* _Exercise_:
Retype exactly the lines that run from the start of the data to the line holding "Het is ongelooflijk", including both, and only those.

● ● ● ●

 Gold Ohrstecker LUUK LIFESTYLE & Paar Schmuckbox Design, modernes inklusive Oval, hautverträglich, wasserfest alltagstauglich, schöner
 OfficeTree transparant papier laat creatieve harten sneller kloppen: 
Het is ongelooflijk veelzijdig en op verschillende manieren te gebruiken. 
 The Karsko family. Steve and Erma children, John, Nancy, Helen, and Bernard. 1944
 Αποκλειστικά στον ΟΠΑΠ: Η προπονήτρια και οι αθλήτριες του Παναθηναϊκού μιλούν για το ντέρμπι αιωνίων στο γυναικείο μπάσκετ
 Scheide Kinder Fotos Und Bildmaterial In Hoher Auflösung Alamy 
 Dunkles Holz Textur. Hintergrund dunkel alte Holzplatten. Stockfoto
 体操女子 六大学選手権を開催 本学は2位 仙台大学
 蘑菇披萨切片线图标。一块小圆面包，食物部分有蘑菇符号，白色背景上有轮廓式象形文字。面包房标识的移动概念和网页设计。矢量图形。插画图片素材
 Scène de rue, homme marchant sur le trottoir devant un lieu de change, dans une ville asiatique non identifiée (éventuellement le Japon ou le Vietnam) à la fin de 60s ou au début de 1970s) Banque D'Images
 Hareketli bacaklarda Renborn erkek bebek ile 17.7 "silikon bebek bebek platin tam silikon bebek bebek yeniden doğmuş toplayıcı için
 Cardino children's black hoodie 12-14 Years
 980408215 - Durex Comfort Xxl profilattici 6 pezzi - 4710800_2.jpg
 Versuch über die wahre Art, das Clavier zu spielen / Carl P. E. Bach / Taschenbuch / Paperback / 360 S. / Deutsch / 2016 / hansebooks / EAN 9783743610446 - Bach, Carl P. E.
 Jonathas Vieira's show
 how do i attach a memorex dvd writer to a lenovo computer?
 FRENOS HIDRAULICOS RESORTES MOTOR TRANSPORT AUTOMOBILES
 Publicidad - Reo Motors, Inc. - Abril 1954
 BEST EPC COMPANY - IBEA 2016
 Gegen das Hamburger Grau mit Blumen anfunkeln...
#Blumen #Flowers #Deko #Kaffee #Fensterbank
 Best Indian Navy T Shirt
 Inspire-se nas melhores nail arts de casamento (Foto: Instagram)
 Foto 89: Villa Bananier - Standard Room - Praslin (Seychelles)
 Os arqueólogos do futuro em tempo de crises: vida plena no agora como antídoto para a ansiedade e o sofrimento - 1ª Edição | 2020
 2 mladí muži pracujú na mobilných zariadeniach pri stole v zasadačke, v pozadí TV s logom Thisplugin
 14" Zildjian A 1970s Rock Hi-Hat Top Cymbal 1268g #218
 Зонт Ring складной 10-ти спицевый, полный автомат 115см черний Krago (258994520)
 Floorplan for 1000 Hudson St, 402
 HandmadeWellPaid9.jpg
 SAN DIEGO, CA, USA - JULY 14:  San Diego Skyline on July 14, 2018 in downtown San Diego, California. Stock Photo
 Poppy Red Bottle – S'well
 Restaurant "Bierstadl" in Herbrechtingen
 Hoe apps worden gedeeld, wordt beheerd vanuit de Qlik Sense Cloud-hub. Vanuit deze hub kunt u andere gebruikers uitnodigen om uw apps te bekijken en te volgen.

● ● ● ●

* _Written response_:
 Gold Ohrstecker LUUK LIFESTYLE & Paar Schmuckbox Design, modernes inklusive Oval, hautverträglich, wasserfest alltagstauglich, schöner
 OfficeTree transparant papier laat creatieve harten sneller kloppen: 
Het is ongelooflijk veelzijdig en op verschillende manieren te gebruiken. 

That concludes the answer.